## Lesson 2 - Functions, Pandas and Matplotlib

Here will introduce Functions, Pandas, and Matplotlib. Pandas uses DataFrames (tables, much like R DataFrames) and Series (columns of a DataFrame) with powerful SQL-like queries. Matplotlib is a package for plotting, which uses a MATLAB-style syntax.



### Table of Contents

* [Functions](#functions)
* [Pandas](#pandas)
* [Matplotlib](#matplotlib)

<a id="functions"></a>

### Functions

A function is a block of code which only runs when it is called.

You can pass data, known as parameters, into a function.

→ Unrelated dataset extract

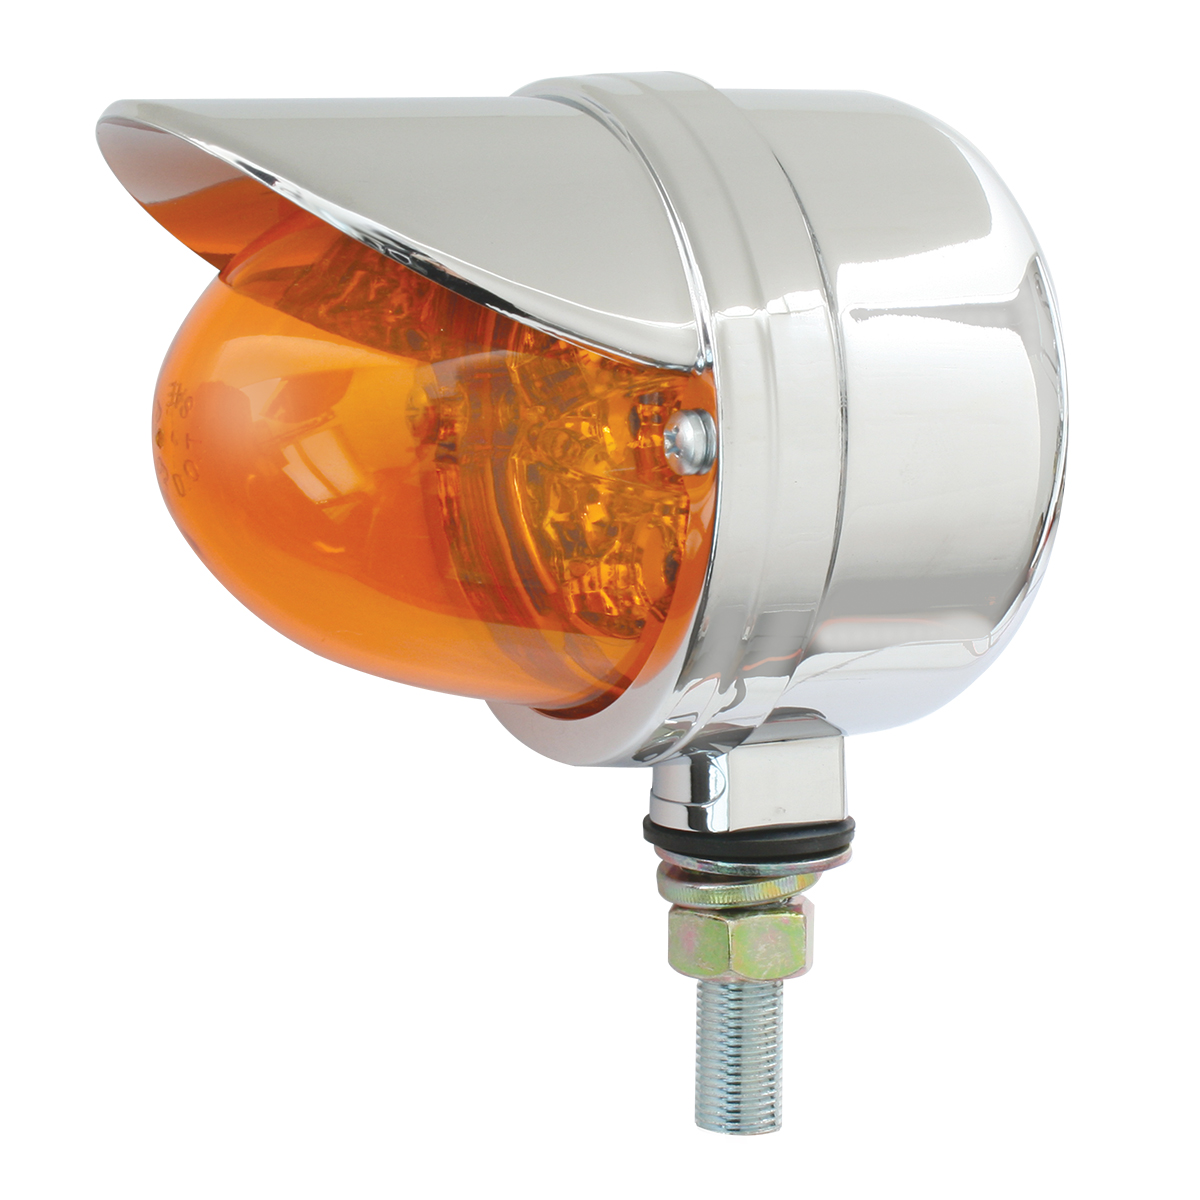 77922 Single Face Spyder LED Pedestal Light in Amber/Amber
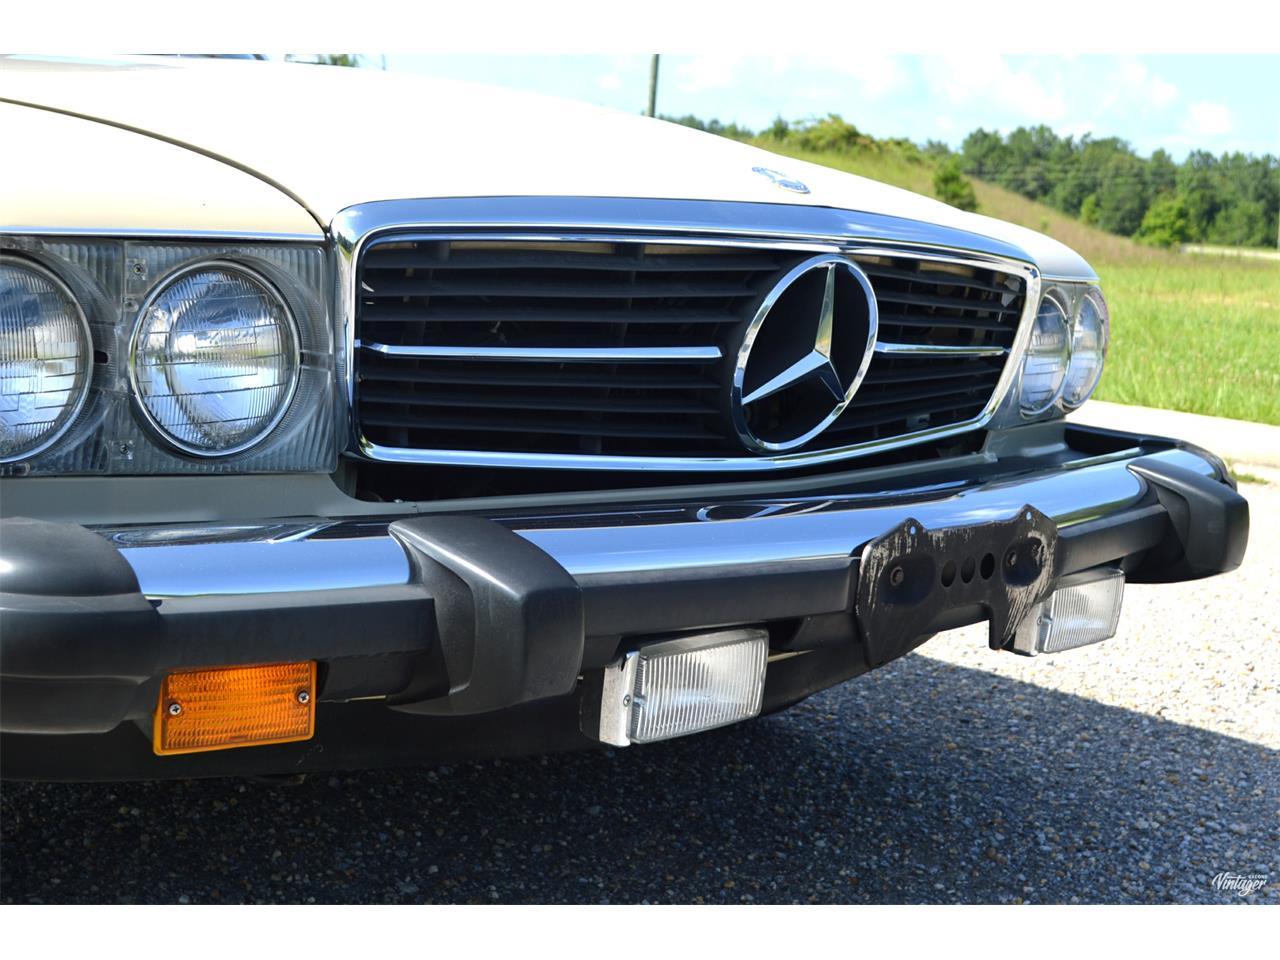 Large Picture of '80 450SL located in Alabaster Alabama - $15,500.00 - LEDI

A function can return data as a result.

In [11]:
def call_me(s):
    print(s)

call_me("Yo Man!")

Yo Man!


In [13]:
# call function multiple times
call_me("David")
call_me("Hippo")
call_me("Emily")

David
Hippo
Emily


Return Values
To let a function return a value, use the return statement:

In [16]:
def get_ntd_dollar(usd):
    return 32 * usd

print(get_ntd_dollar(100))

3200


In [2]:
def sum(a, b):
    s = 0
    s = a + b
    return s

sum(1, 2)

3

In [7]:
# once function is declared, we can re-use funtion in the whole python code
sum(1.3, 2.9)

4.2

Additionally, you can define functions to take `*x` and `**y` arguments. This allows a function to accept any number of positional and/or named arguments that aren't specifically named in the declaration. 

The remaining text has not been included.